The Los Angeles Police Department has been denied $3 million in federal aid for law enforcement. While there is no official announcement as to why, it is more than likely that it has everything to do with LA’s “sanctuary city” status for harboring illegal aliens. Donald Trump and Attorney General Jeff Sessions have repeatedly said they would strip funding from such sanctuary cities. Now they are.
The L.A. Times reports: This year, L.A. officials applied for more than $3 million in federal funding to help bring the same program to Harvard Park, a South L.A. neighborhood scarred by violence.
The request was denied.
The U.S. Department of Justice hasn’t offered the LAPD an explanation of why the department didn’t receive any of the $98 million in grants recently awarded to scores of law enforcement agencies across the nation. A spokesman for the federal agency declined to comment when asked by The Times last week.
But after the Trump administration’s repeated threats to withhold federal money from cities that don’t cooperate with its immigration crackdown, some LAPD officials said they believe the move was retaliatory — and a troubling sign of what could come.
Steve Soboroff, president of the civilian Police Commission that oversees the LAPD, said that he believes the Justice Department denied the funding request because of the LAPD’s well-publicized, hands-off approach to immigration enforcement. Soboroff said he worries future funding may also be at risk.

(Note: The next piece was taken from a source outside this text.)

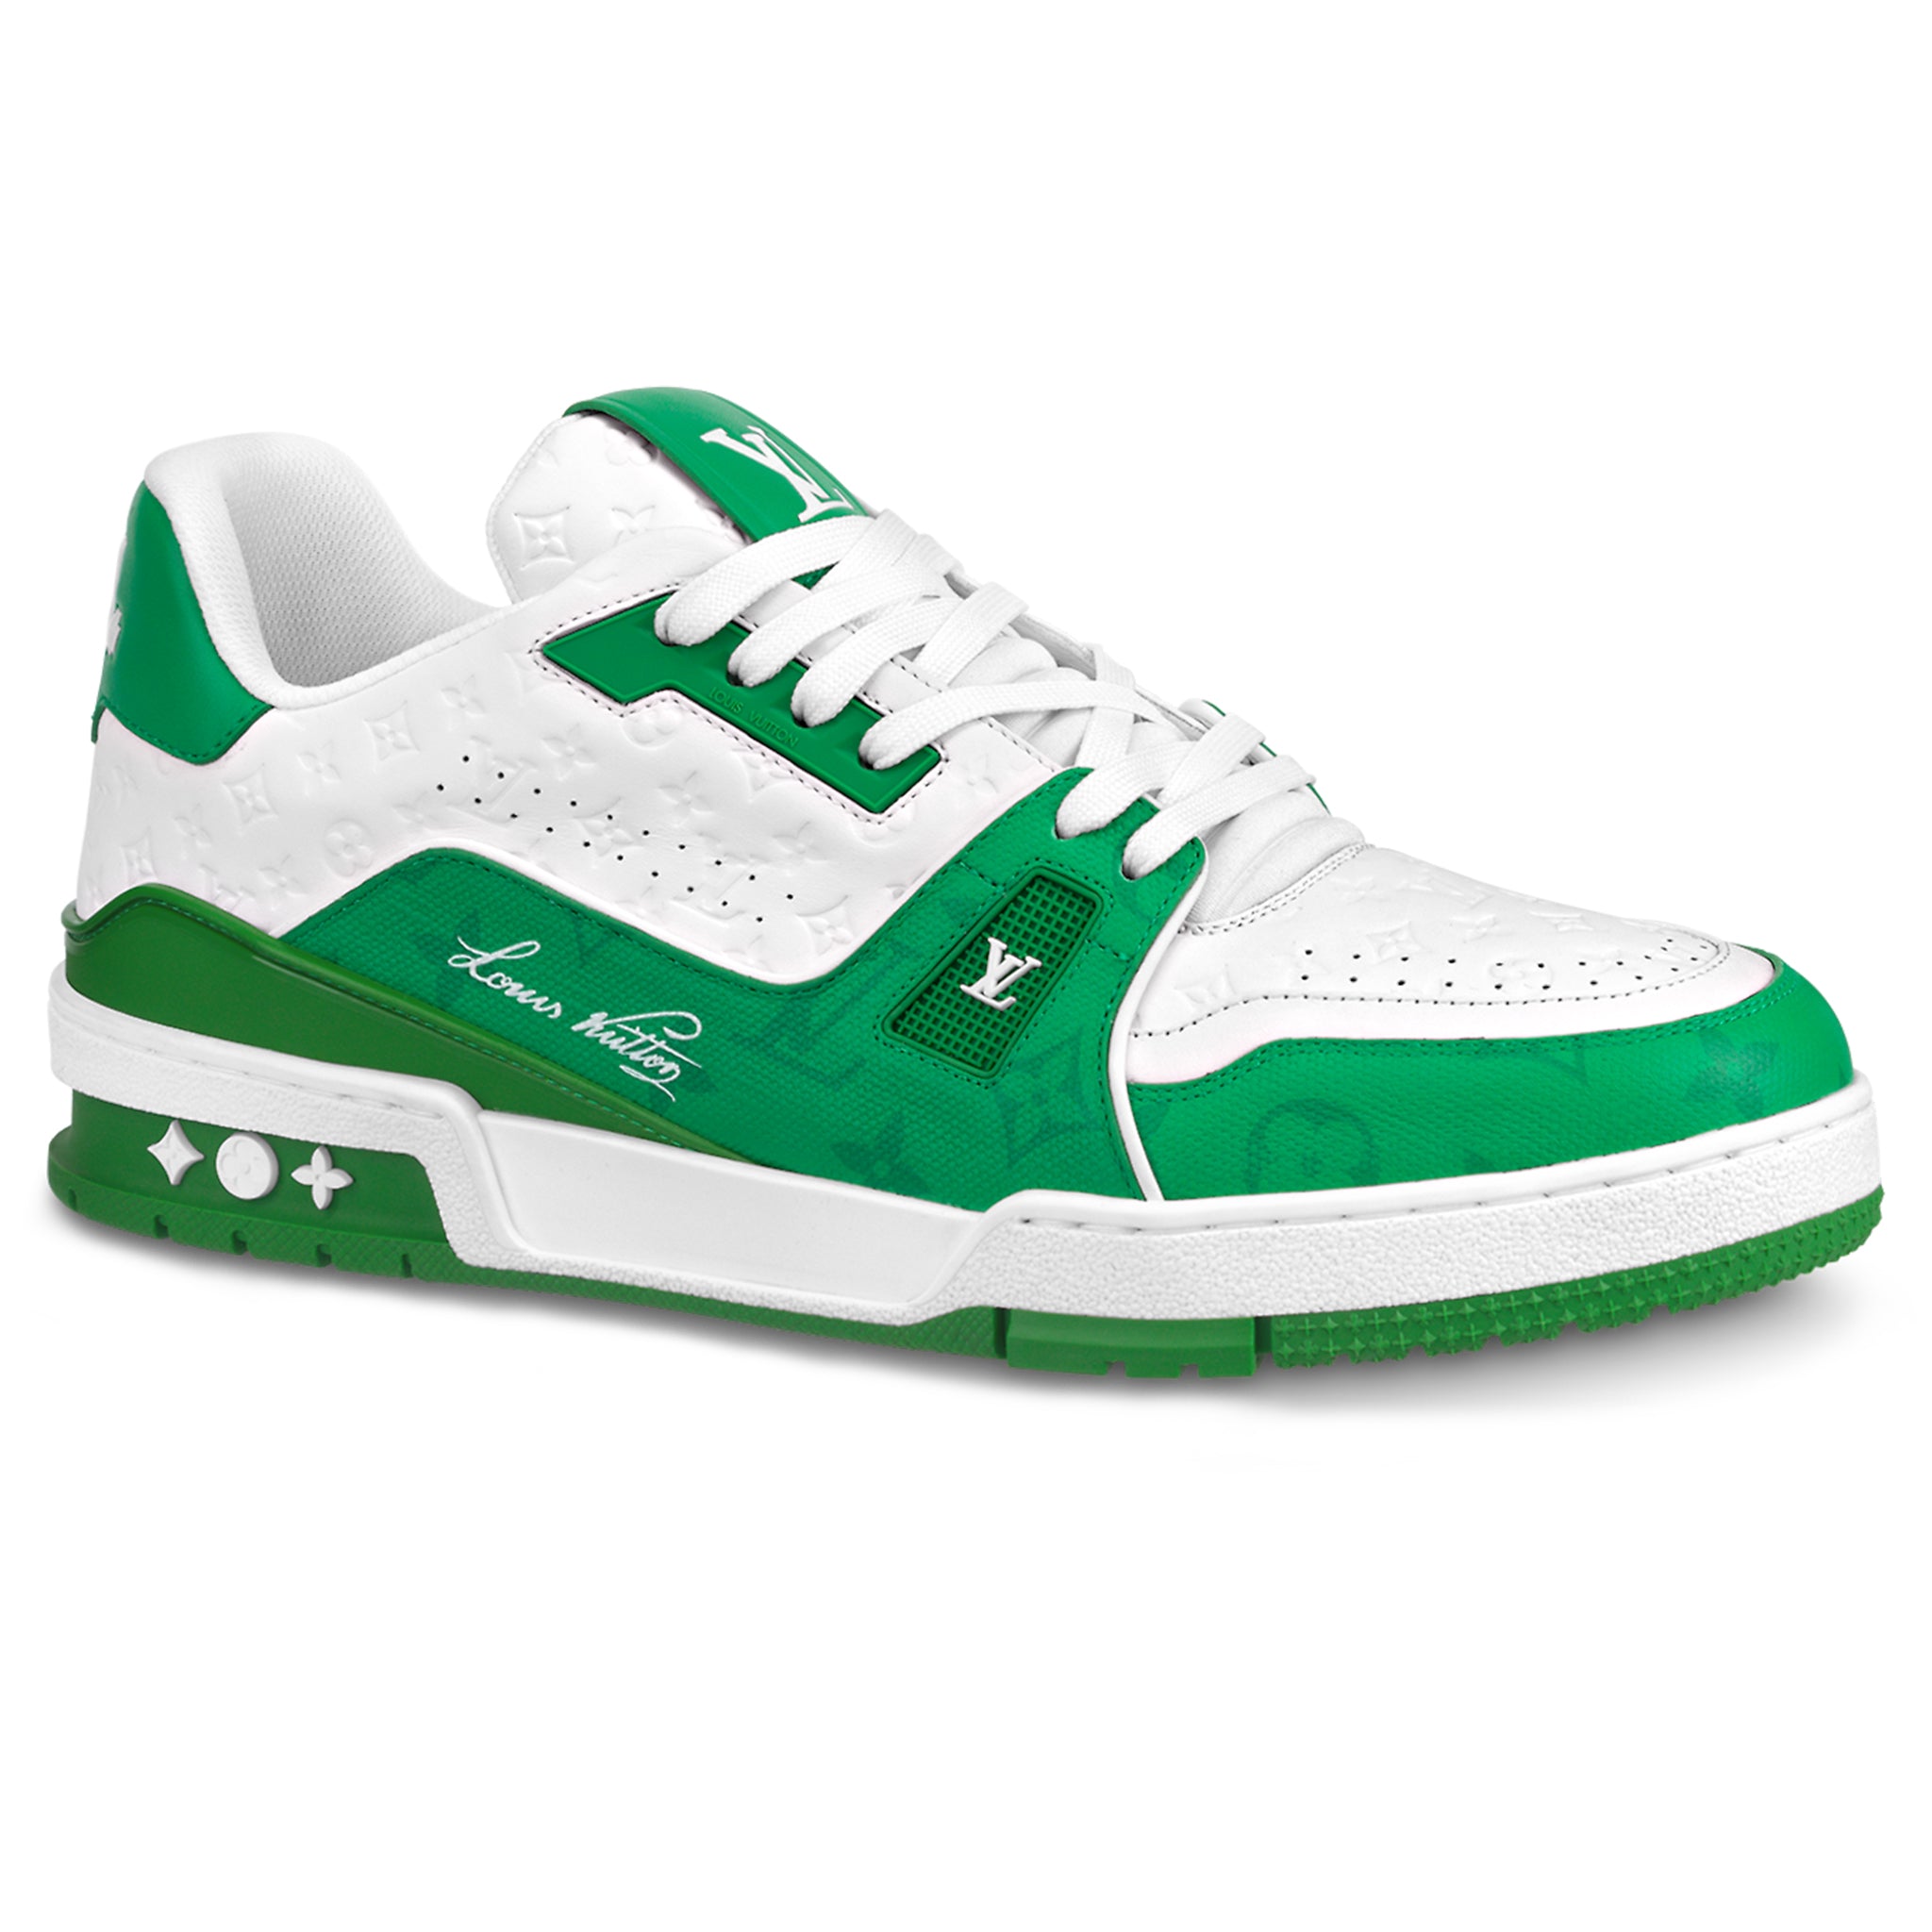 Louis Vuitton LV Trainer '54' White Green Sneaker - UK 7.5 / Green

“Community policing is what policing’s all about. Militaristic policing, immigrant harassment is not,” he said. “By ignoring that, or prioritizing it beneath their issue of sanctuary cities and cooperation with ICE [Immigration and Customs Enforcement] — the priorities are wrong.”
“If this is the tip of the iceberg, we’re going to set back law enforcement and policing and public safety by decades,” he added.

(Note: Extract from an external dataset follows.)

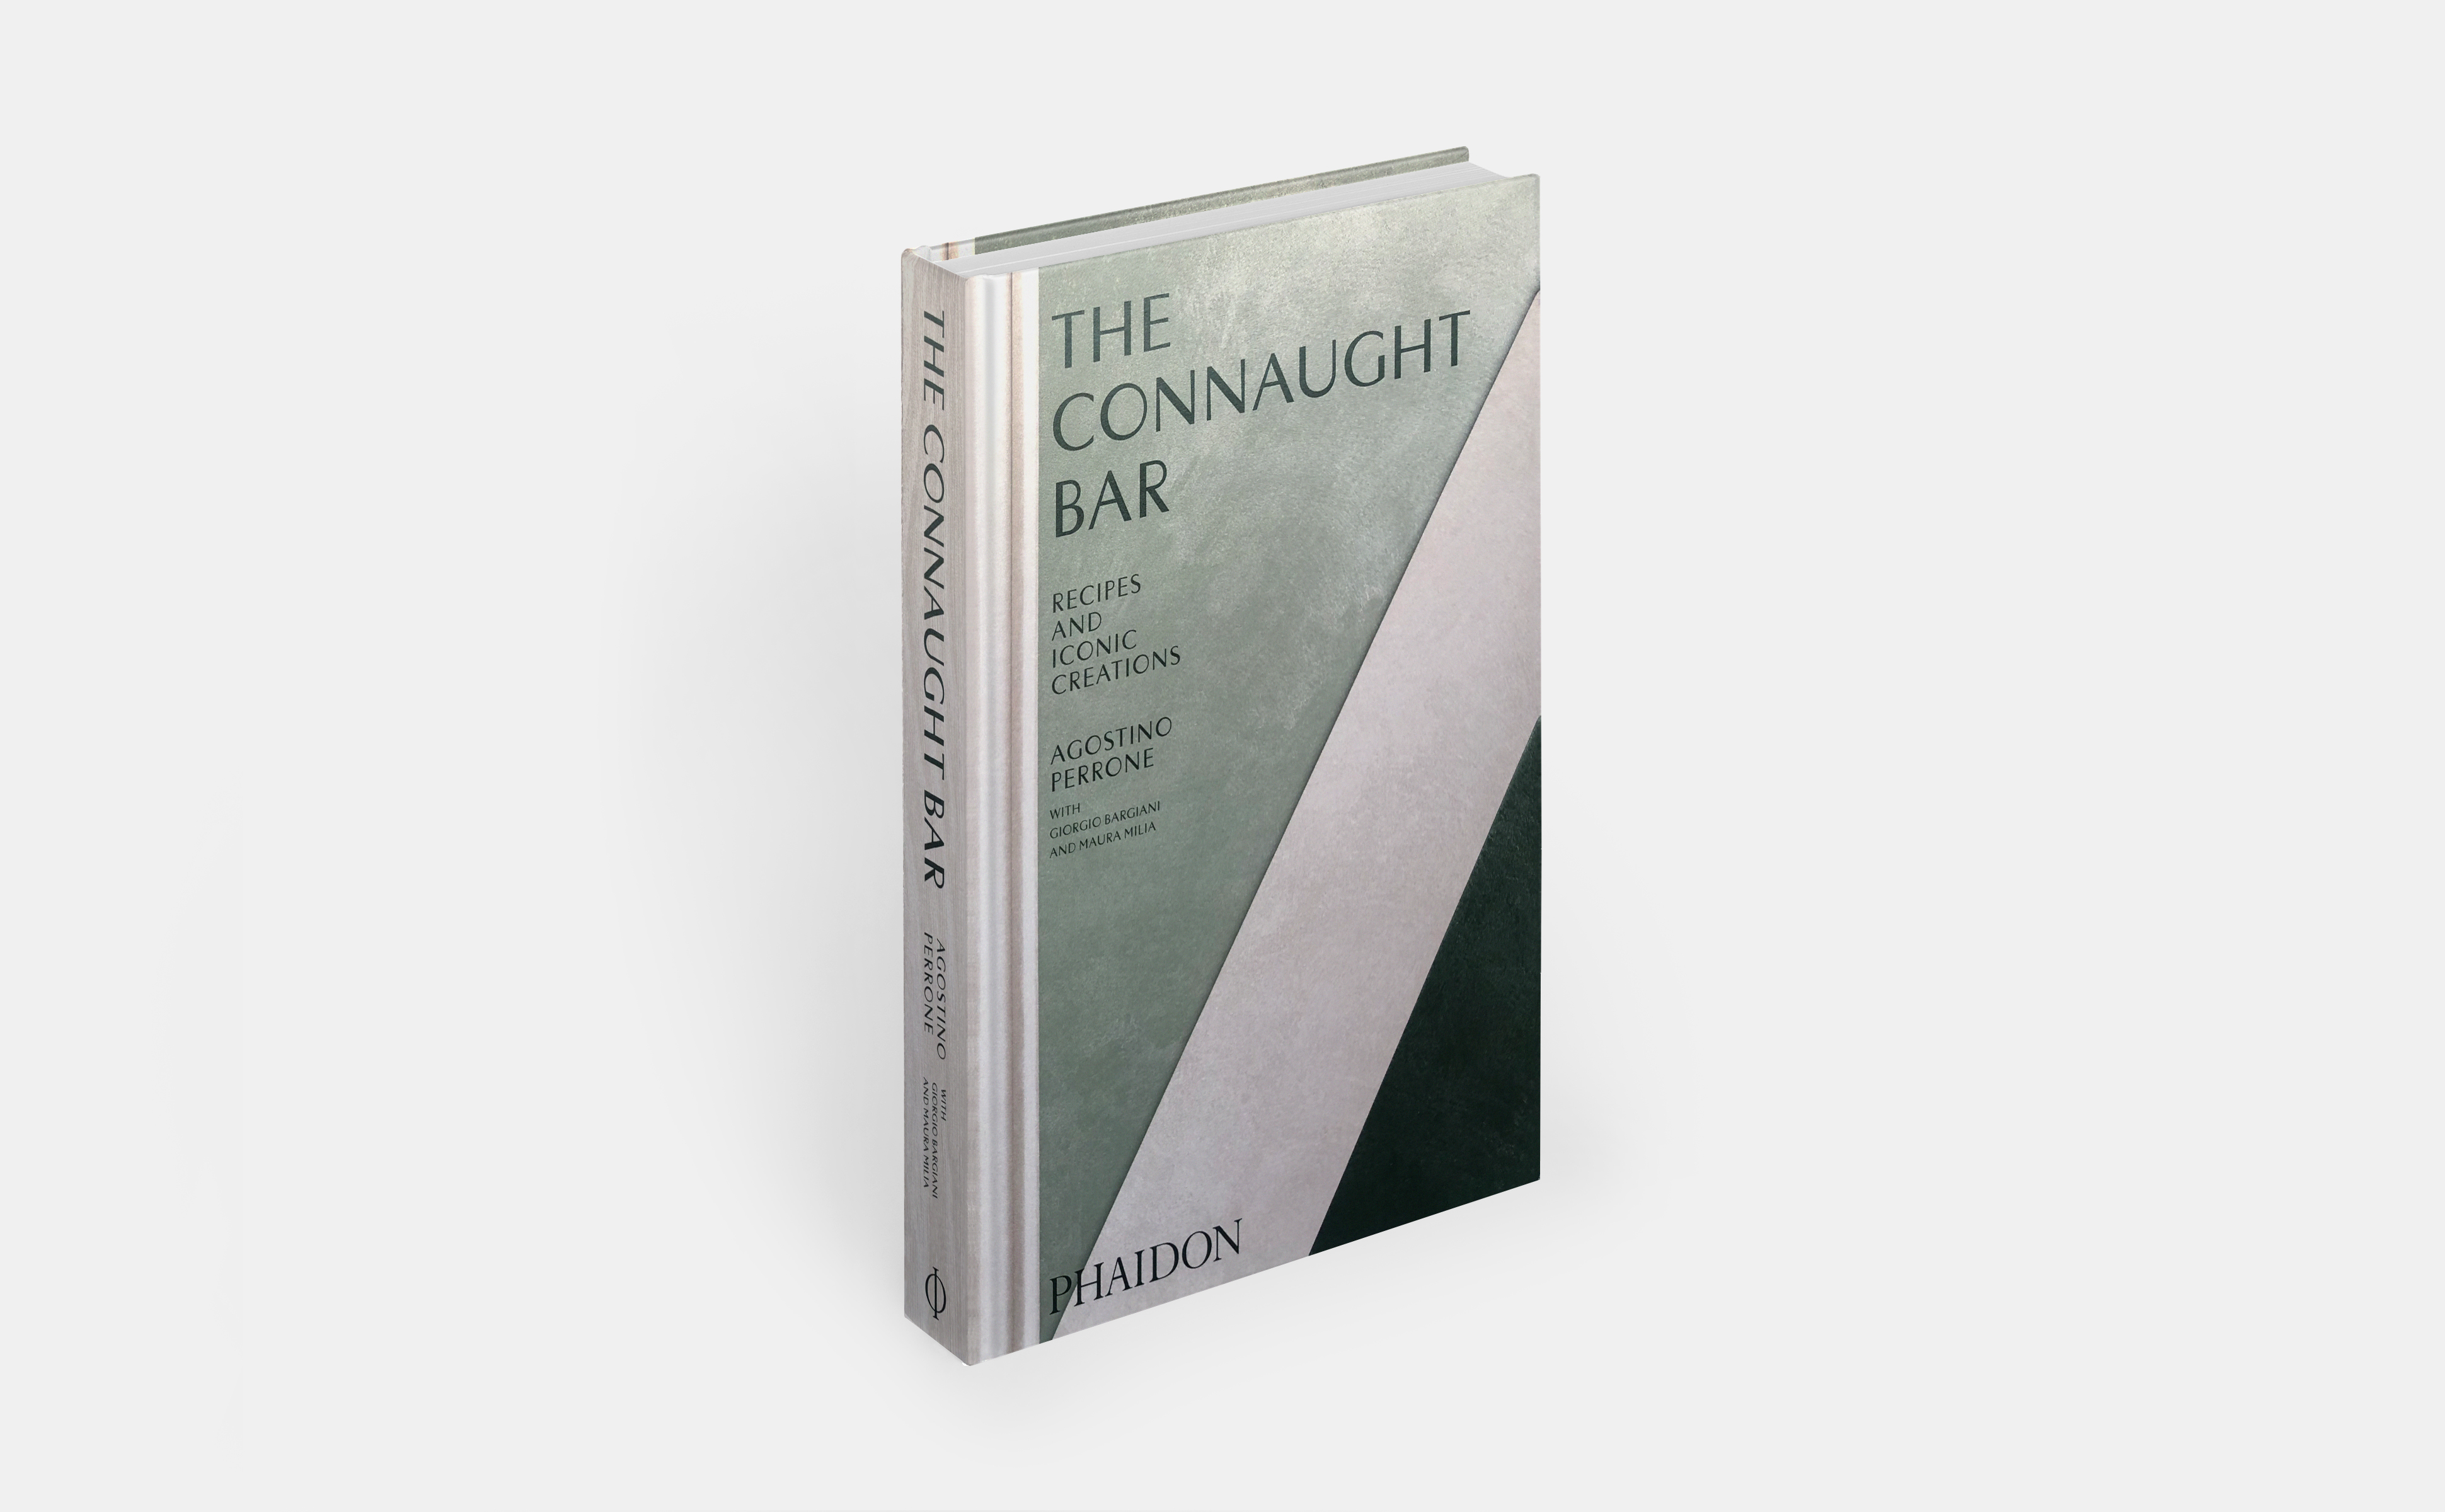 The Connaught Bar recipe book

Los Angeles mayor, Eric Garcetti, has openly defied Trump and been a vocal opponent of the #MAGA agenda. A mic.com article on Garcetti features such interludes as:
“We will defend any undocumented worker who’s going to be deported,” he said flatly in a recent interview. The words are backed up in deed: In December, Los Angeles unveiled an ambitious $10-million fund to provide legal counsel to residents facing deportation.